=== EXERCISE GOAL ===
Please give back only the lines below from the one containing "spring house asian" to the one containing "Как узнать владельца", each repeated word for word, both ends included.

=== GIVEN RECORDS ===

+===+

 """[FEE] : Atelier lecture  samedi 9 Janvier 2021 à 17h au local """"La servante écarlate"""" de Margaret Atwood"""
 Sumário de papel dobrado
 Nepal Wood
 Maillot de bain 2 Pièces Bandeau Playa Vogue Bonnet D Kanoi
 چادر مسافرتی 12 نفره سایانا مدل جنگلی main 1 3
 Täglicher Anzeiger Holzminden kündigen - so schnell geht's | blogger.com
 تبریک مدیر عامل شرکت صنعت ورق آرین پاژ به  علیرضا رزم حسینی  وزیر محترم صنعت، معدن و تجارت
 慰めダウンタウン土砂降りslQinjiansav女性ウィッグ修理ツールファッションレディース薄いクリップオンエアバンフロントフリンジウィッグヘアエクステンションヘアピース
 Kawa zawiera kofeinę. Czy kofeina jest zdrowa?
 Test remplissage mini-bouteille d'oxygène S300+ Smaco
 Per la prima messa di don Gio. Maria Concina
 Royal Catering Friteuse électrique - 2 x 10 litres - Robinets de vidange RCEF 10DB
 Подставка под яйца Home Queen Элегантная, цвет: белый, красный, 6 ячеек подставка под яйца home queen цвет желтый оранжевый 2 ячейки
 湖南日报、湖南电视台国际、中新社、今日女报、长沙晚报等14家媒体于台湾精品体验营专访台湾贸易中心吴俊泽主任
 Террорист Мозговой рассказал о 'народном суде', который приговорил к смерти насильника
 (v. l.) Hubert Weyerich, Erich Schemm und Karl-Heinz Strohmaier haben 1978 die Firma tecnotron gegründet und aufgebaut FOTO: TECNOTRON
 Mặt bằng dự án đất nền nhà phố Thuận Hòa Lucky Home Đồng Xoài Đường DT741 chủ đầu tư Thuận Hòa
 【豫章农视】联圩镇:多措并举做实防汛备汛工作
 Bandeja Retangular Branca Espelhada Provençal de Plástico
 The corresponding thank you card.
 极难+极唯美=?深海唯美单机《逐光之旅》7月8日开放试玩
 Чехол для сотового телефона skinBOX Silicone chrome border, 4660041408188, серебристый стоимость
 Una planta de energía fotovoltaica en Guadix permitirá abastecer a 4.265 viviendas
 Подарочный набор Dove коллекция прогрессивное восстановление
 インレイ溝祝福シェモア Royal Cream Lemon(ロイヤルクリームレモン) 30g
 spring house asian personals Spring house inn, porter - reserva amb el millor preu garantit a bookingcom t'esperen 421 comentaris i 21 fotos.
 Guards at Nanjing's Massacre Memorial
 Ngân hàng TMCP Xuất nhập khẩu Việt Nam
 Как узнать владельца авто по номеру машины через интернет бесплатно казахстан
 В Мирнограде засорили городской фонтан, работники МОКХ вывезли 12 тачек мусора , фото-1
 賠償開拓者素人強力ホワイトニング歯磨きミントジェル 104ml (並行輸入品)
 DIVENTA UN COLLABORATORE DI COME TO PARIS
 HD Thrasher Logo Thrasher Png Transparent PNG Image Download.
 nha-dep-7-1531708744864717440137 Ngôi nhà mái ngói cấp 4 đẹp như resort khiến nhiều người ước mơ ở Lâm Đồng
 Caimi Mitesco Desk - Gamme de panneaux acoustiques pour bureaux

+===+

=== OUTPUT OF THE TASK ===
 spring house asian personals Spring house inn, porter - reserva amb el millor preu garantit a bookingcom t'esperen 421 comentaris i 21 fotos.
 Guards at Nanjing's Massacre Memorial
 Ngân hàng TMCP Xuất nhập khẩu Việt Nam
 Как узнать владельца авто по номеру машины через интернет бесплатно казахстан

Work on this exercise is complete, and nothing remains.